I got them about a week ago, but they were already together at their previous owner.


----------



## Tokyo (Aug 3, 2020)

I have a pair of lutino cockteil. My female cockteil is just 14 months. I woke up and see thet she has layed an egg but she layed it in the cage as there was no breeding box.
I don't even know that they have done mating or not......and I'm very nervous to touch the egg and do the candle test. Can i check that the egg is fertile or not by some other ways??
Waiting for quick reply😔


----------



## Daytontiel (Feb 24, 2019)

T.Tibor said:


> I got them about a week ago, but they were already together at their previous owner.

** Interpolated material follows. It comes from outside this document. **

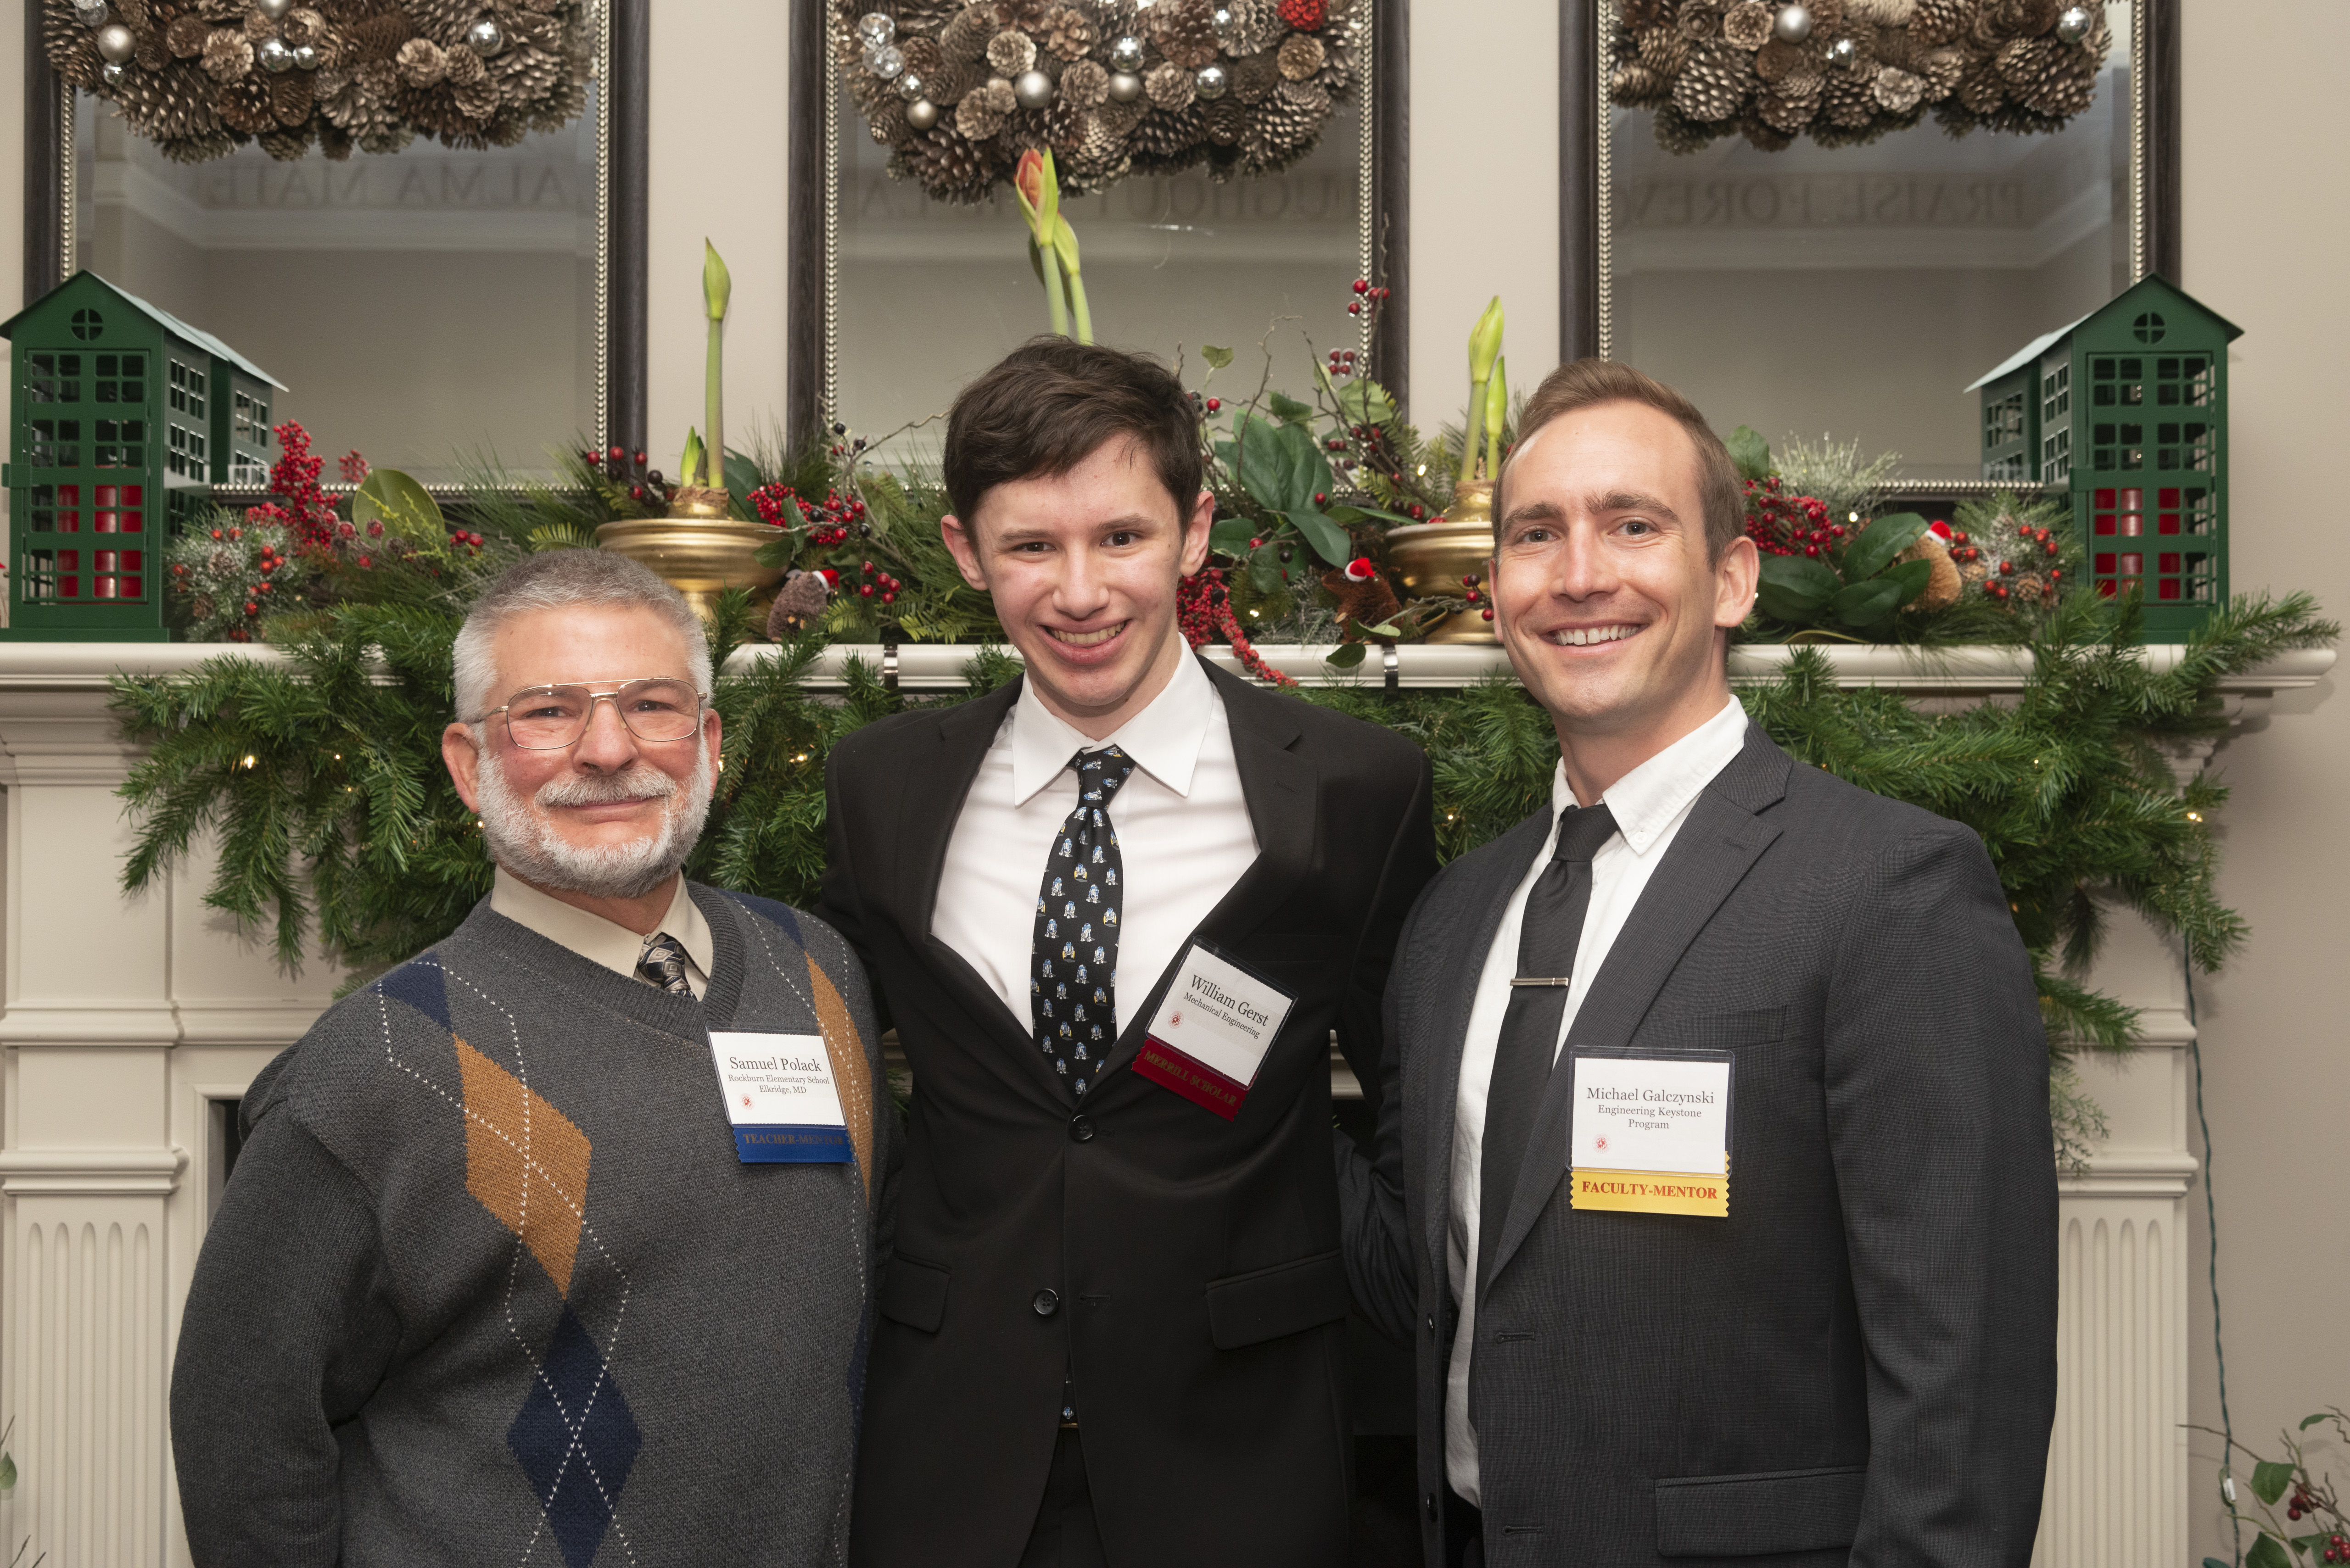 Merrill Scholar William Gerst with mentors Samuel Polack and Michael Galczynski

They are not settling down yet. Cockatiel breeding needs a environment that they feel secure. It will take time to establish such. Does the previous owner tell you these two are proven pair ? I still feel you have two male. '
And you swing like perch is not good for successful mating.


----------



## Daytontiel (Feb 24, 2019)

Tokyo said:


> I don't even know that they have done mating or not......and I'm very nervous to touch the egg and do the candle test. Can i check that the egg is fertile or not by some other ways??
> Waiting for quick reply😔


You can pick the egg up. Cockatiel egg is not so fragile. Candling at this stage is useless until egg being incubated for a few days.


----------



## T.Tibor (Aug 2, 2020)

Daytontiel said:


> They are not settling down yet. Cockatiel breeding needs a environment that they feel secure. It will take time to establish such. Does the previous owner tell you these two are proven pair ? I still feel you have two male. '
> And you swing like perch is not good for successful mating.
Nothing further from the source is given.